STRUCTORIZER User Guide

Syntax > Specific aspects for ARM export

About the ARM Generator prototype

Under construction

Since version 3.32-02, Structorizer provides (a somewhat premature) prototypical generator for ARM assembler code thanks to Alessandro Simonetta et al.

ARM (assembler) code is a mnemonic representation of machine code for ARM processors, such that the abstraction level differs fundamentally from that of higher-level programming languages like Pascal, C, Java, etc.

Two uses cases (or perspectives) may have to be distinguished here:

ARM code generation from an arbitrary Nassi Shneiderman diagram. This would require a full compiler capability (possibly even breaking down floating point arithmetics to sequences of byte and word operations). This cannot be the task of Structorizer on this early stage.
Conversion of algorithms formulated on the conceptional level of RISC processor capabilities from a structogram to ARM assembler code. In this perspective, it may not even be desirable to implement too much compiling intelligence here. Even conceding this, the conversion capabilities of this early prototype are still very limited. On the other hand, this required some additions that don't work or don't even make sense in e.g. Executor (e.g. address retrieval for a variable or direct memory access as if it were an array). These additions are briefly explained below.

From version 3.32-05 on, Structorizer follows a two-fold strategy to combine both intentions: On the one hand, a very restricting grammar check may be imposed via the Analyser Preferences, which complains about Element lines that leave the narrow ARM processor capabilities behind. Via a respective export option you may even have the ARM generator reject such rich instructions. On the other hand, the ARM generator will be enhanced to accept and compile more and more complex expressions and instructions in an evolutionary development process. To make use of these extending capabilities you should lift the just mentioned restrictive options. But please do not expect too much — you will simply have to check the generated code (in the code preview) to find out whether ARM generator coped or not.
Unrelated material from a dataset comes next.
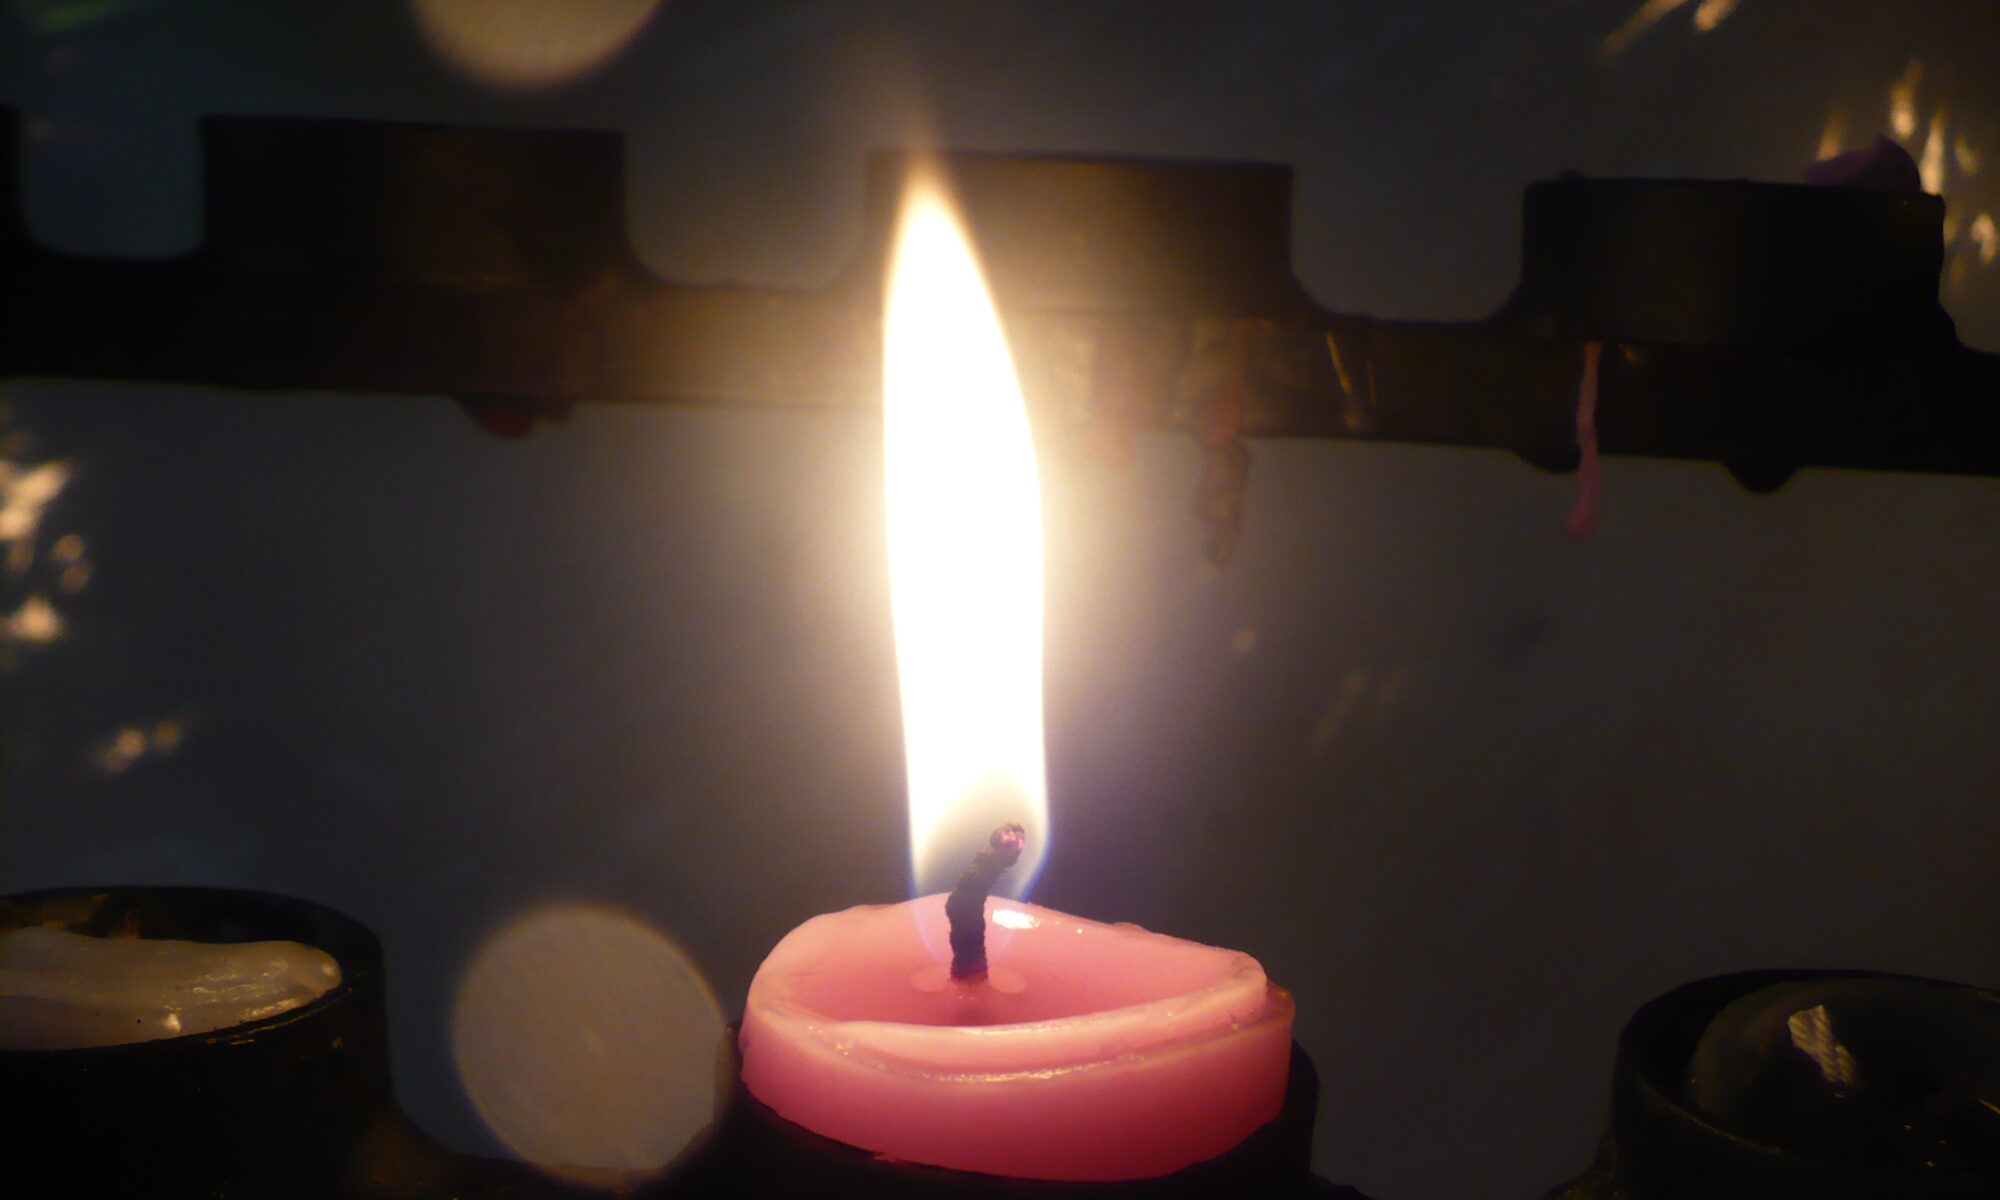 A candle flame

Some important facts in a nutshell:

The set of supported statements is very limited and the syntax may even differ from the Structorizer conventions (see Basic Concepts).
Certain variable names will be interpreted directly as machine registers, and there are some addtional keywords or markers for certain machine-oriented aspects.
Array definitions differ somewhat from the usual conventions in Structorizer (see Arrays).
Records and Enumerations are not supported at all in this context by now.
Strings can only be used in variable assignments (better: initialisations), in order to create an array of characters in the "memory".
The generated code for an intended array access via a copy of a variable or register that was associated with the address of an array or string should not be expected to make sense.

Register mapping

Variable names R0, R1, etc. through R15 and, equivalenty(!), r0, r1, ..., r15 are interpreted as registers of the ARM processor architecture. Other variables will be mapped to registers not explicitly referenced. Register name R15 (or r15) denotes the program counter and may only be used within a condition (comparison expression) but may not be set explicitly or used in other kinds of expression.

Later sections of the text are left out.